Bishop calls for "Ecological Spirituality" on the Assumption

Carinthian Bishop: Climate change, aggressiveness, wars and inner-church disputes are "challenging signs of our time"

Carinthian Bishop Josef Marketz called for an "ecological spirituality". The offer of faith and the power of prayer as "always effective answers to the challenging signs of our time", he put in the focus of his short speeches at the ship procession on Lake Wörthersee on Monday evening.

As examples of such "signs of the times", the Bishop mentioned "climate change with its catastrophic consequences, the aggressiveness that worries us in communication among people, wars and their consequences that challenge us to solidarity, as well as internal church disputes that weaken and question the mission as Church".

During the 68th ship procession at nighttime, which was also attended by a delegation of the Pontifical Swiss Guard, a statue of the Virgin Mary from the pilgrimage site of Fatima was once again led across Lake Wörthersee. The naval ship "MS Kärnten" and the accompanying ships Loretto and Loreley departed from Klagenfurt, with devotional stops at Krumpendorf, Pörtschach, Velden, Maria Wörth and Klagenfurt again.

In view of the growing scarcity of energy and resources, the Carinthian Bishop called for a rethinking of our way of life in Krumpendorf in the spirit of the "ecological spirituality" demanded by Pope Francis and reminded us of "our great responsibility as a society, but also as a Church". This responsibility also applies to our dealings with one another. Thus, in Pörtschach, Bishop Marketz warned against "new forms of egoism and loss of social sense, which would lead to aggressiveness, insults, verbal abuse up to the destruction of self-esteem and suicide" and called in this context for a "new culture of dialogue in the encounter with God".
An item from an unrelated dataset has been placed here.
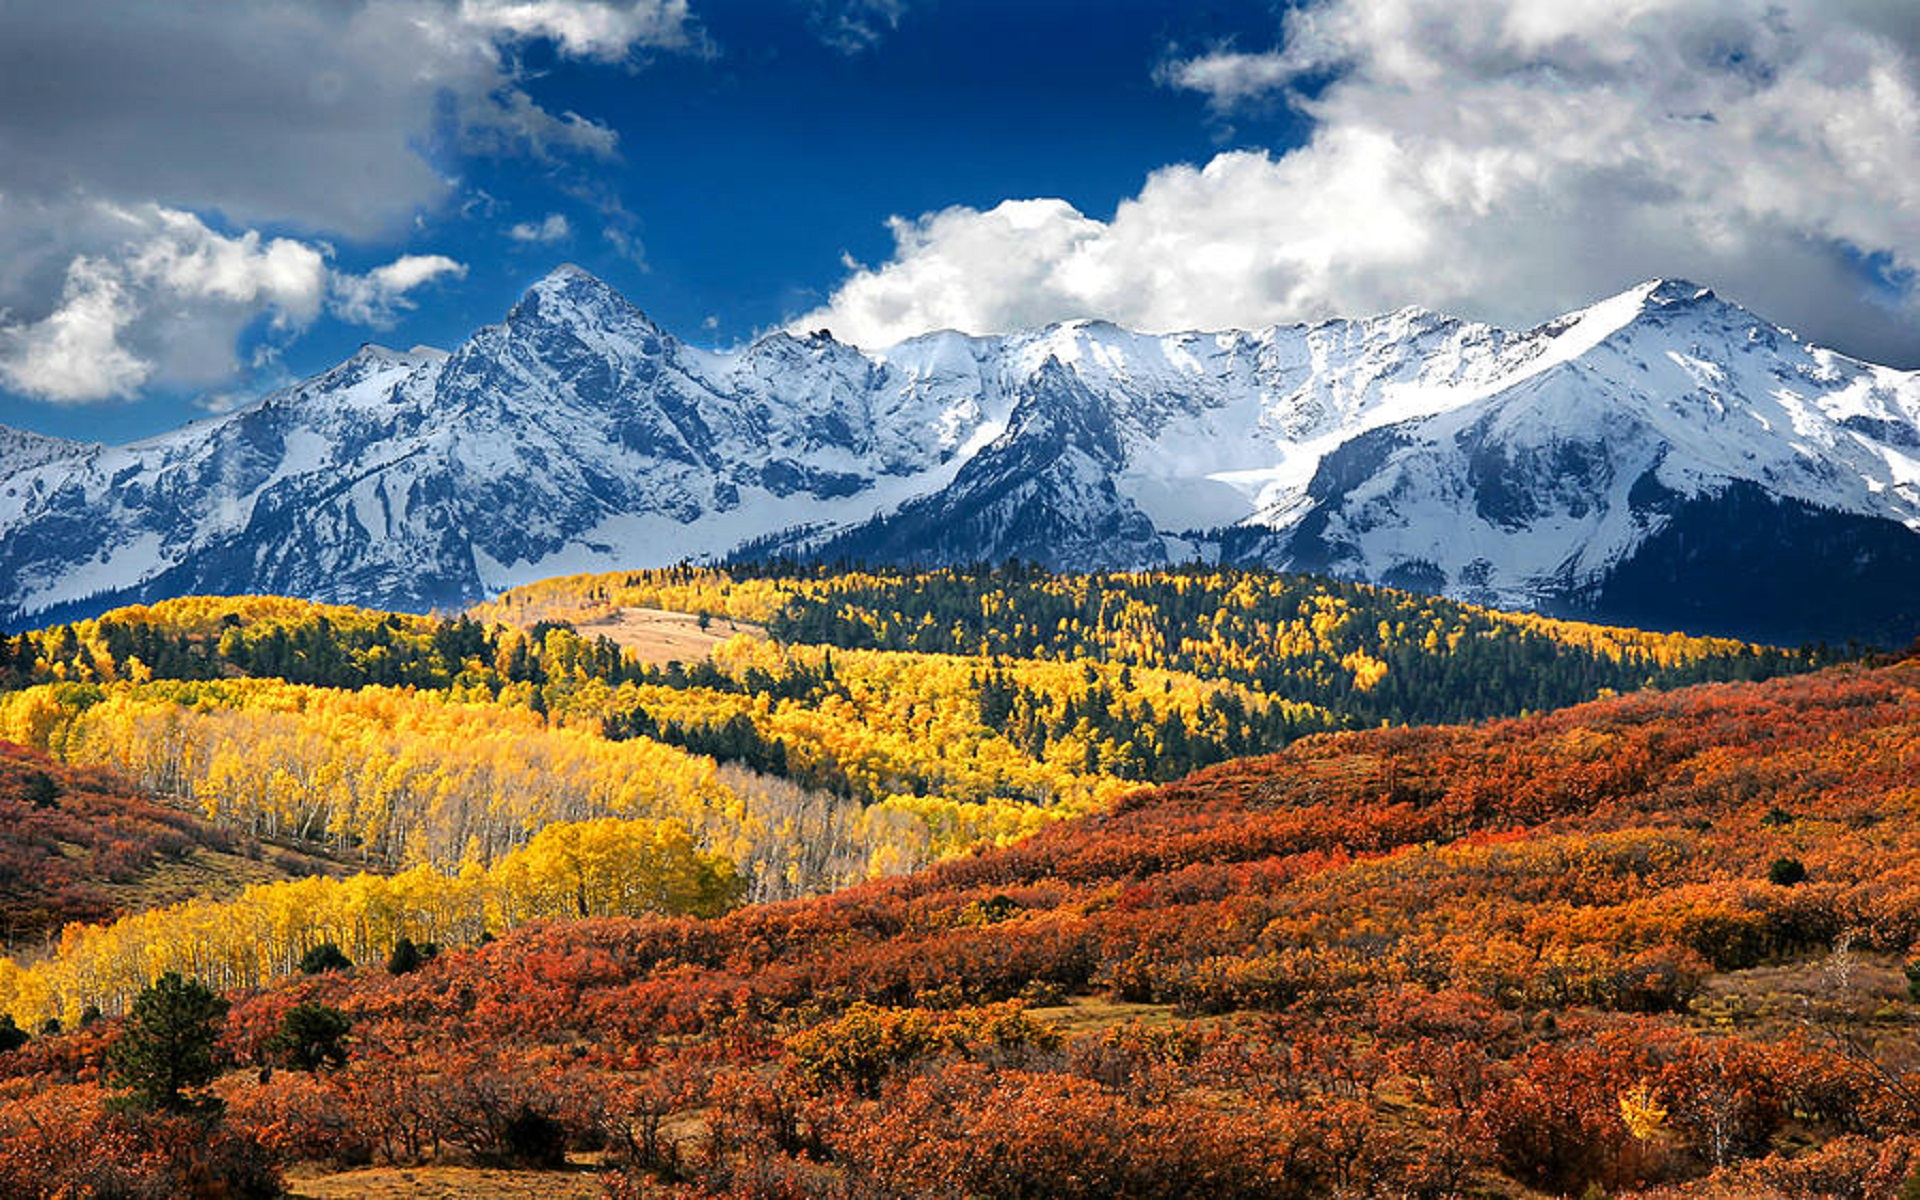 Colorado mountains hd wallpaper wallpapersafari - Colorado desktop background ...

Especially in times of war and crisis, Bishop Marketz said in Velden, "the great challenge for all involved is to develop a sense of solidarity". The war in Ukraine, he said, was not the only warlike conflict to plunge people in many parts of the world into misery. "It is often also a war of words that damages our societies," he said. Being for one another and solidarity are therefore "indispensable at this time in order not to disfigure or even destroy the humane face of our society". Since a community of solidarity is only as strong as its weakest members, everyone must "pay particular attention to ensuring that the burdens of acts of solidarity are distributed in such a way that they can be shared by all".

In Maria Wörth, where the ship procession culminated with the renewal of the consecration to the Blessed Mother by Bishop Marketz, the Carinthian Bishop referred to the current challenges of the Church. "The Christian faith is not persecuted or publicly rejected in this country, but it encounters a much greater danger: indifference," Marketz said. In the spirit of the Synodal Process proclaimed worldwide by Pope Francis, the Catholic Church in Carinthia wants to "support and support as many people as possible in their search for faith in a contemporary language" even more in the future. It is a matter of rediscovering faith in Christ "as a path of trust and courage, of love and faithfulness, as a movement in the direction of that future which Christ has opened up and into which he invites us".